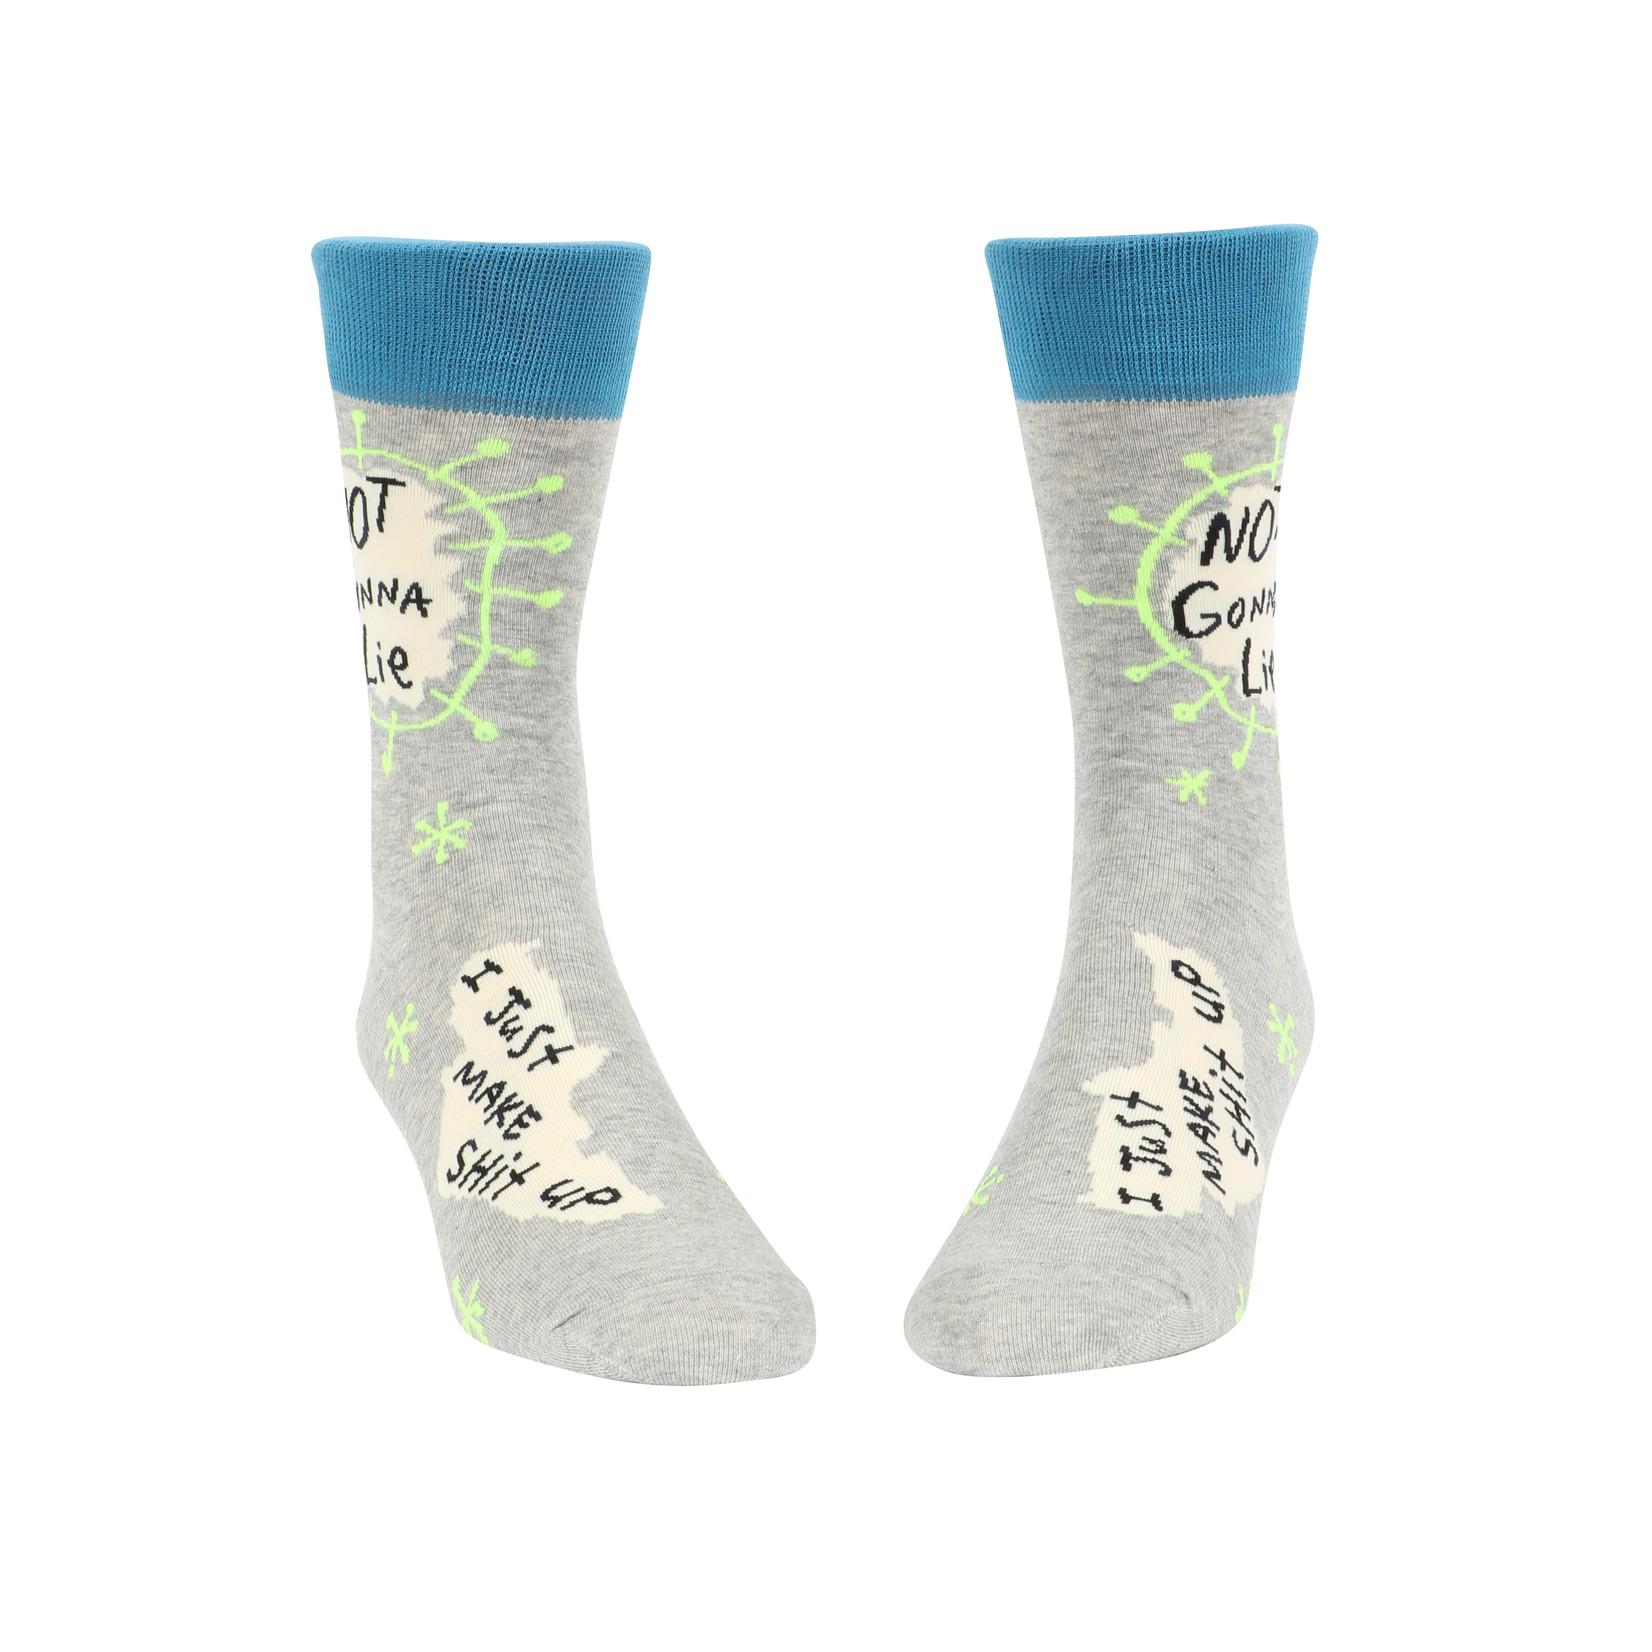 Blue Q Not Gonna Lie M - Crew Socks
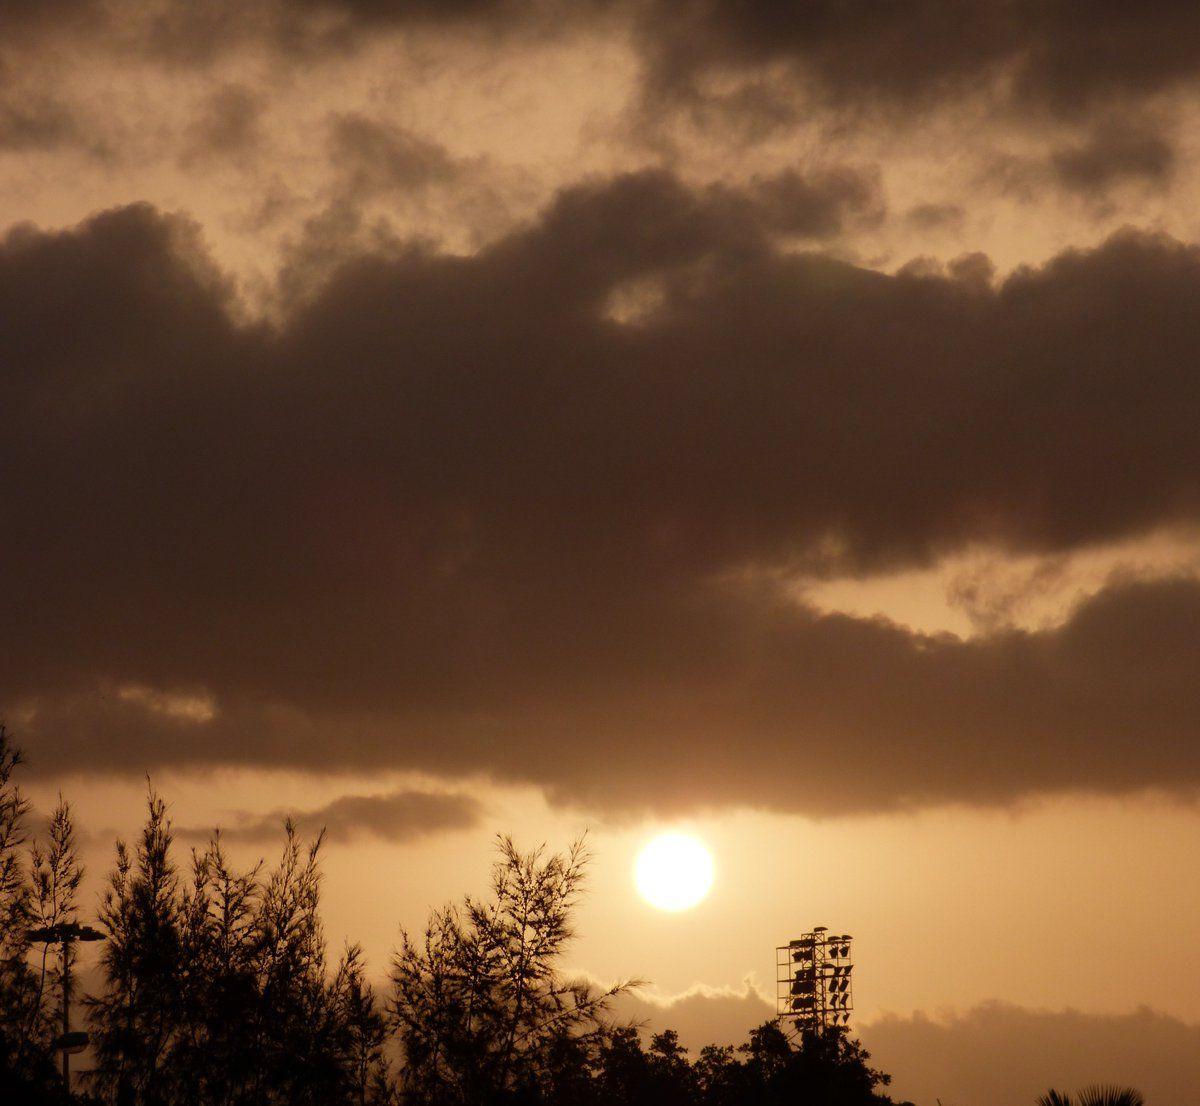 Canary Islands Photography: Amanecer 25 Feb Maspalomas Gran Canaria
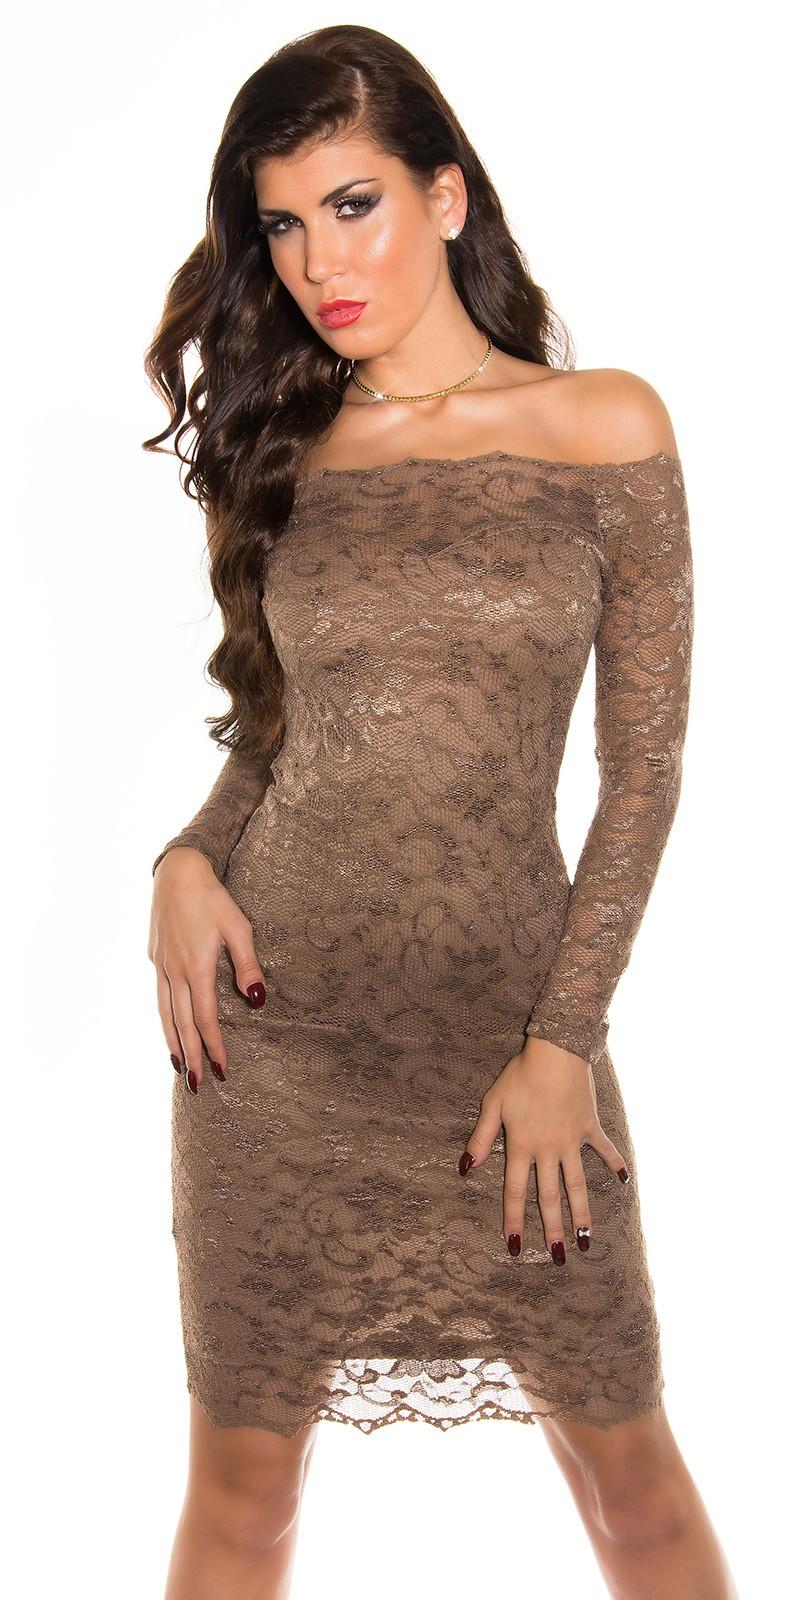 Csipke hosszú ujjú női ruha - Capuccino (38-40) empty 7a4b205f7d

--

Action item: Return all of the material above unchanged, minus its pictures.

Written reply:
 Blue Q Not Gonna Lie M - Crew Socks
 Canary Islands Photography: Amanecer 25 Feb Maspalomas Gran Canaria
 Csipke hosszú ujjú női ruha - Capuccino (38-40) empty 7a4b205f7d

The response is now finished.